1. Persetujuan (Informed Concent)
Merupakan bnetuk persetujuan antara peneliti dengan subjek studi kasus peneliti dengan
memberikan lembar persetujuan informed consent tersebut diberikan sebelum penelitian
diberikan dengan memberikan lember persetujuan dengan menjadi subjek studi kasus.

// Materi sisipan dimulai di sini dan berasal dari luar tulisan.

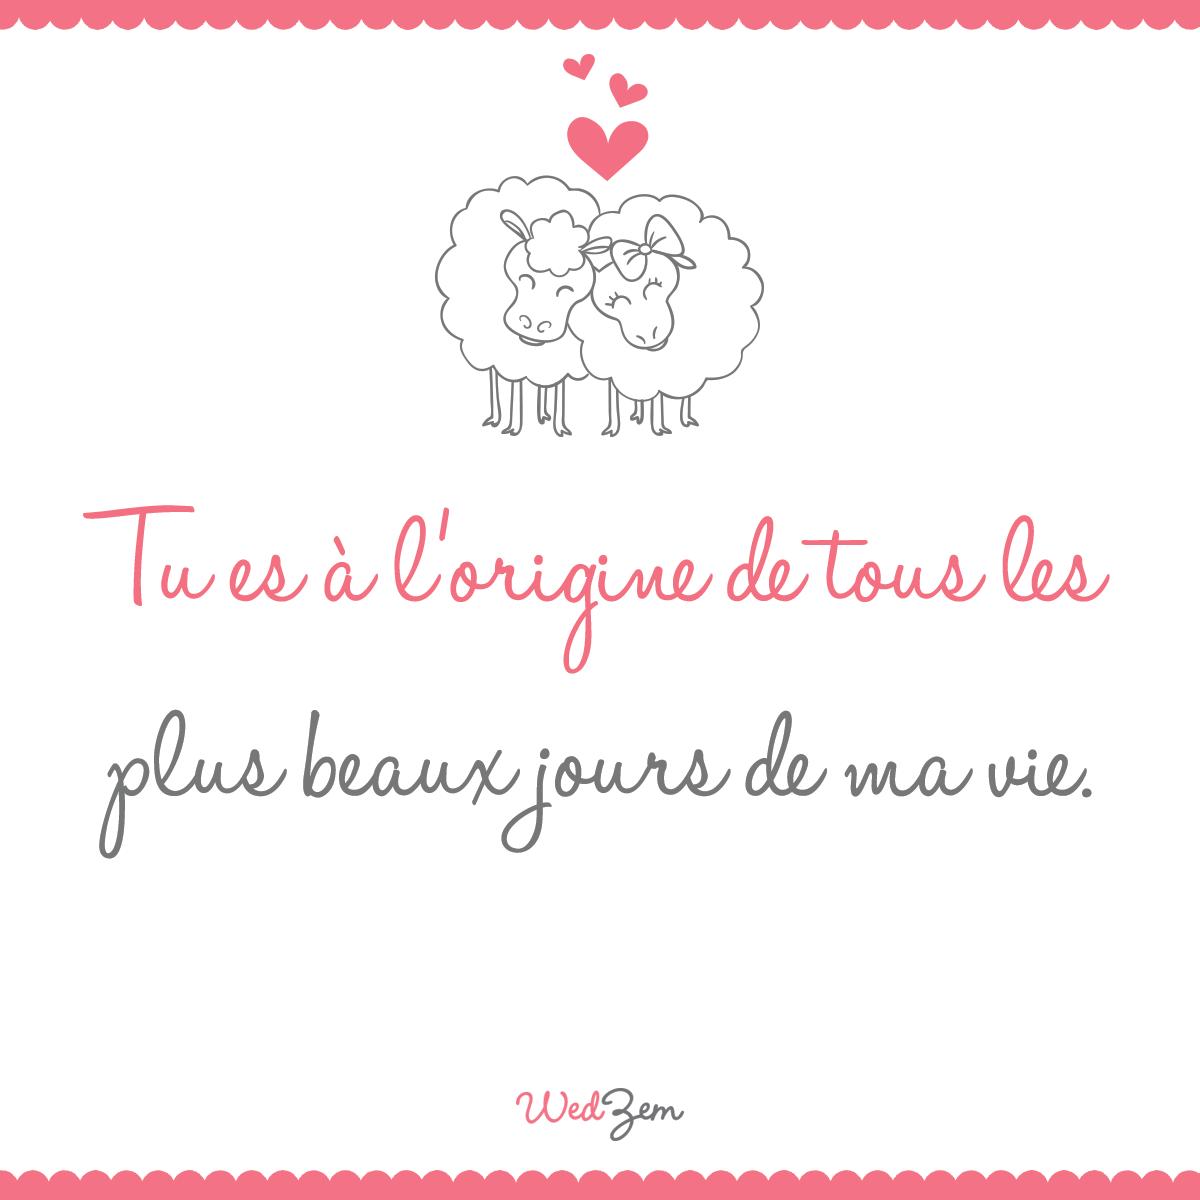 Petite Citation D Amour Du Jour Amour Citation Citations D Amour Petites Citations Citation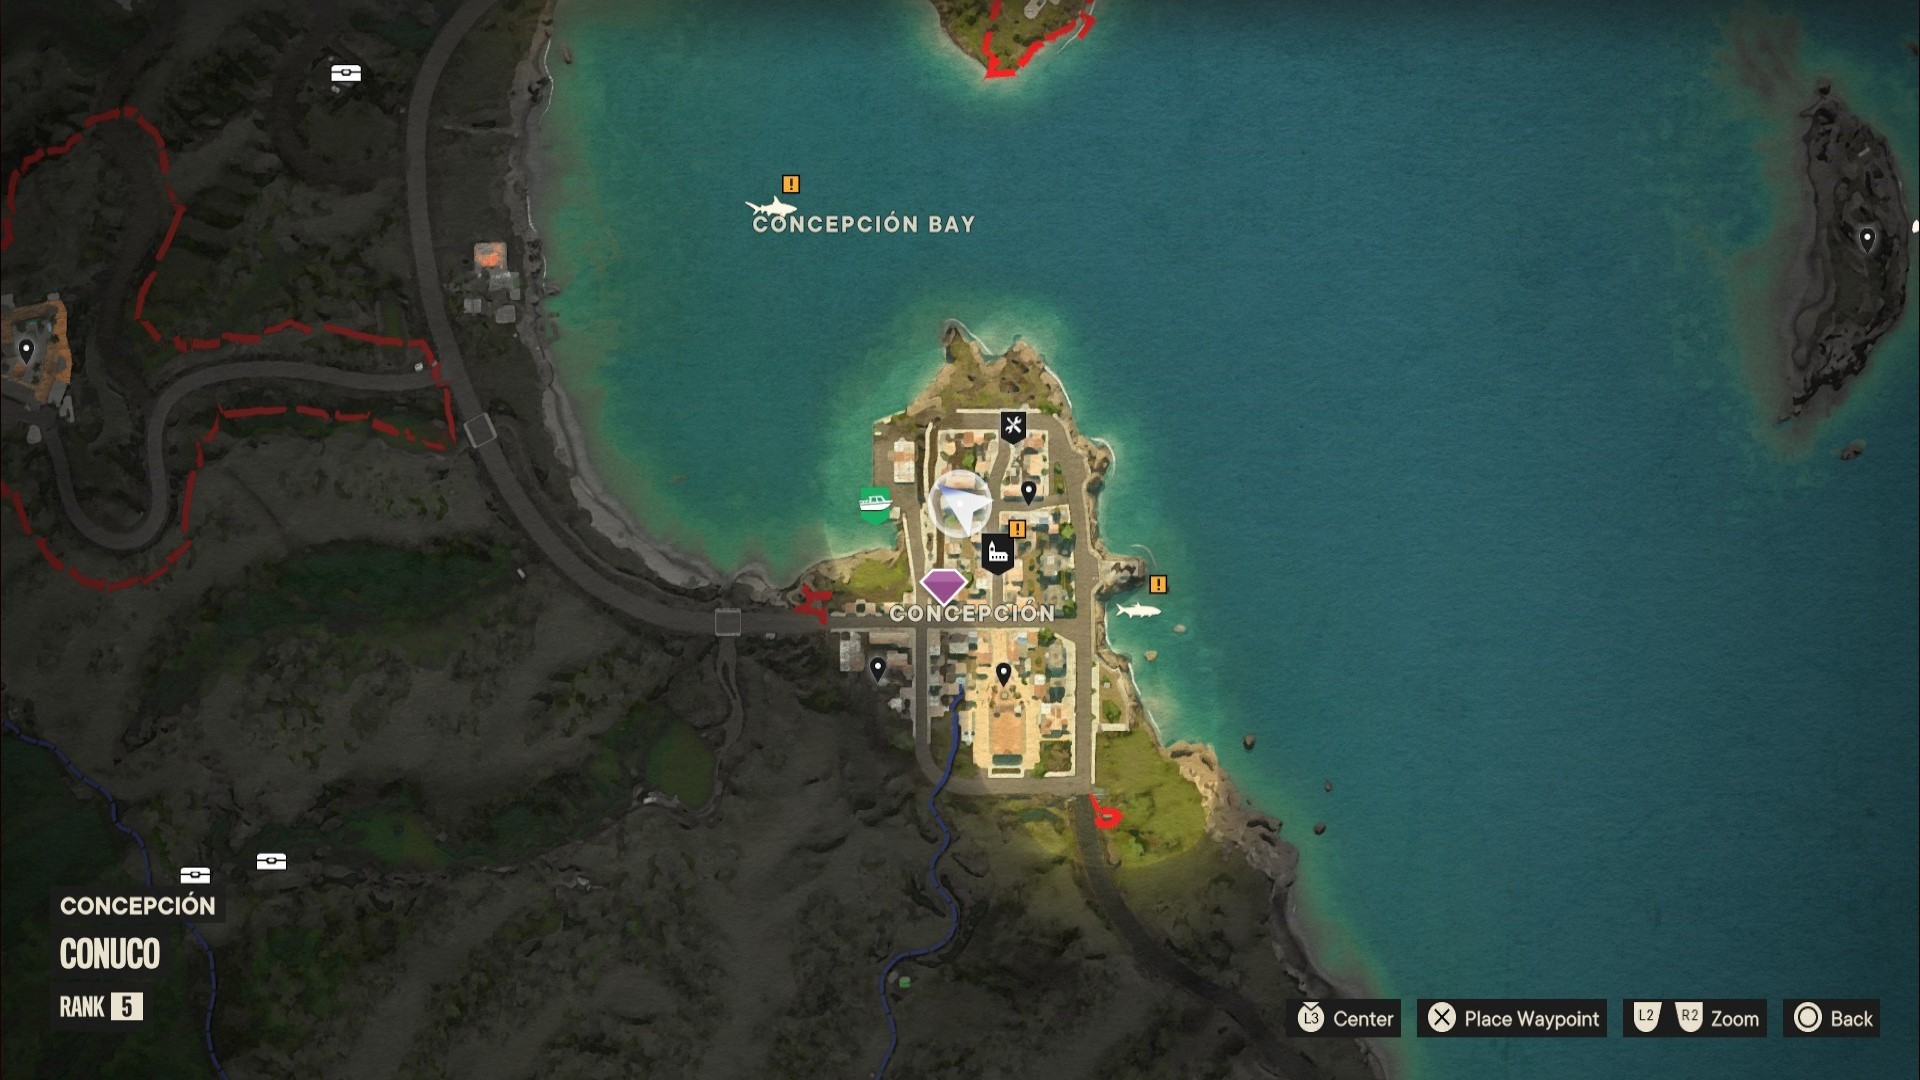 A Far Cry 6 Criptograma chests location in Concepcion

Tujuan informed consent adalah agar subyek mengerti maksud dan tujuan penelitian,
mengetahui dampaknya. Jika subyek bersedia, maka mereka harus menandatangani
lembar persetujuan. Jika subyek studi kasus tidak bersedia, maka peneliti harus
menghormati hak subyek studi kasus.
2. Tanpa nama (Anonimty)
Tanpa nama merupakan masalah yang memberikan jaminan dalam subyek penelitian
dengan cara tidak memberikan atau mencantumkan nama subyek studi kasus pada lembar
alat ukur atau hanya menuliskan kode pada lembar pengumpulan data atau hasil
penelitian yang diisikan.
3. Kerahasiaan (Connfidentiality)
Kerahasiaan merupakan hasil penelitian baik informalis maupun masalah-masalah
lainnya. Semua informasi yang telah dikumpulkan dijamin kerahasiaannya oleh peneliti,
hanya kelompok data tertentu yang dilaporkan pada hasil penelitian.